Peki ne olur? İki süreç birlikte işlemeye başlar. Türk Silahlı Kuvvetleri'nde yaşanmakta olan "glasnost" (aydınlanma) benzeri bir süreç Emniyet içinde de yaşanmaya başlar. Toplum sesini yükseltir, hükümet alarme olur, tıpkı ordu içindeki namuslu subaylar gibi namuslu emniyetçiler de bilgi-belge sızdırmaya başlar, Pandora'nın kutusu açılır, kirli çamaşırlar ortalığa saçılır, temizlik başlar. Ve çok da hayırlı olur.

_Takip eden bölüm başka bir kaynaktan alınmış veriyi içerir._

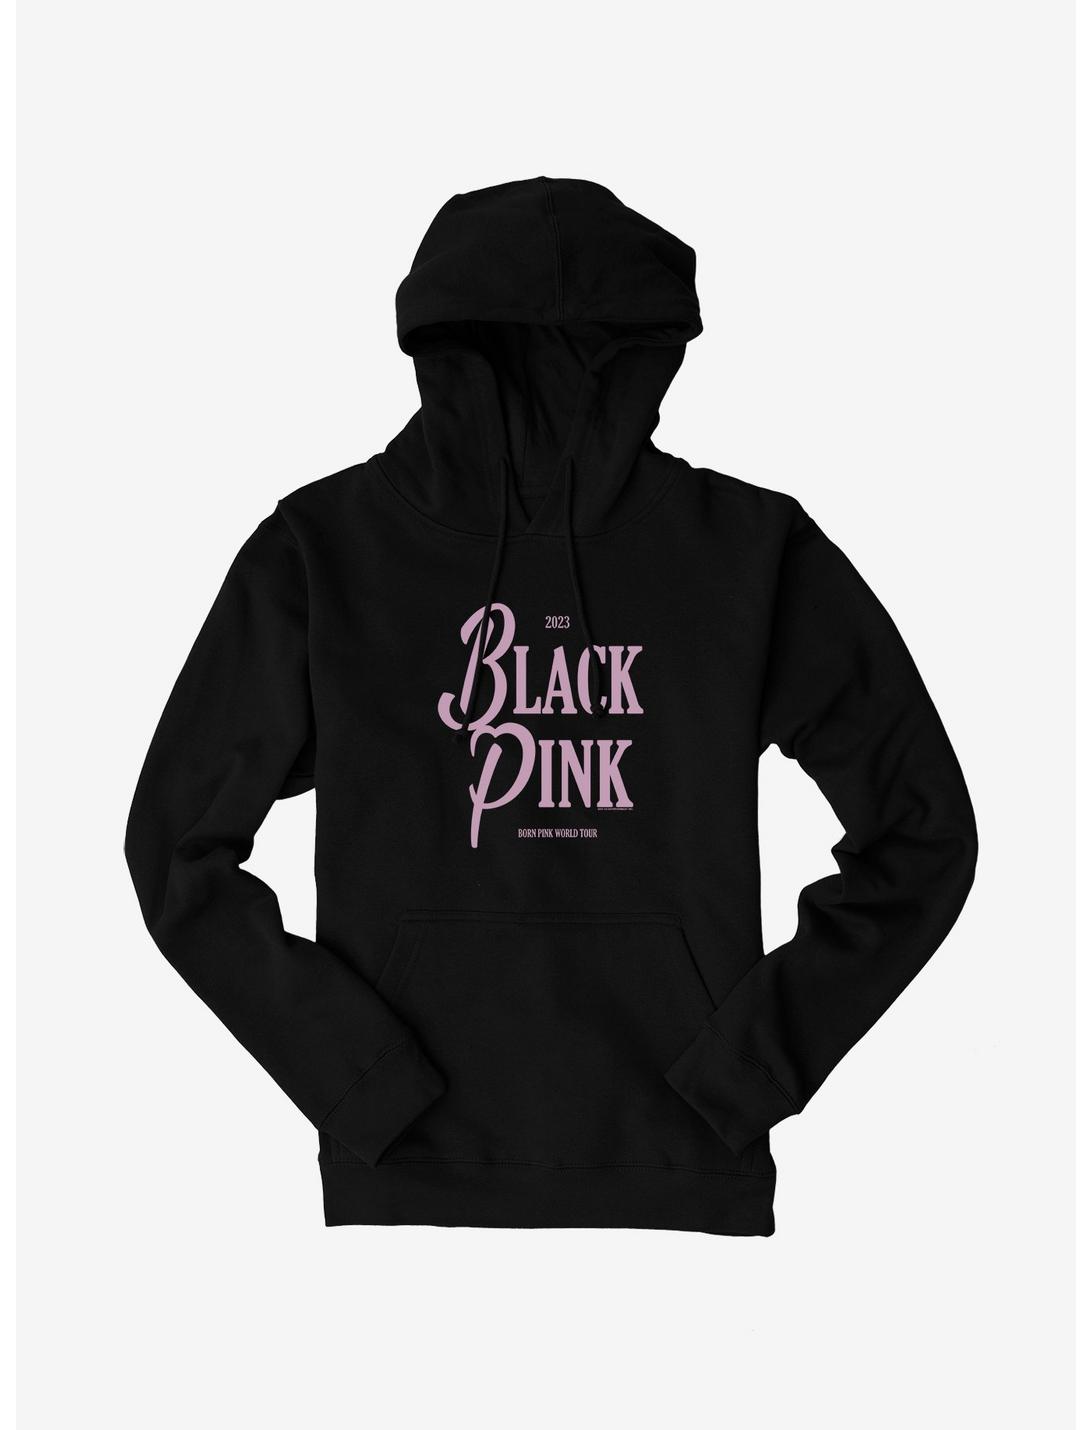 BLACKPINK 2023 Born Pink World Tour Hoodie, BLACK, hi-res

Kimileri hâlâ, bir kötülükle (ordunun başını çektiği baskıcı rejimle) mücadele edilirken, onun yerini almaya aday bir başka kötülüğün (iktidarın başını çektiği baskıcı rejimin) büyüdüğünü ve asıl tehdit haline aldığını iddia etse de, aslında tam tersi oluyor. Askeri vesayete karşı kazanılan demokrasi mücadelesi, bütün diğer alanlarda da şeffaflık ve demokrasi talebini -ve imkânını- yükseltiyor.
Kapalı toplum açık topluma doğru evrildikçe, gözler sıradaki kapalı yapılara çevriliyor.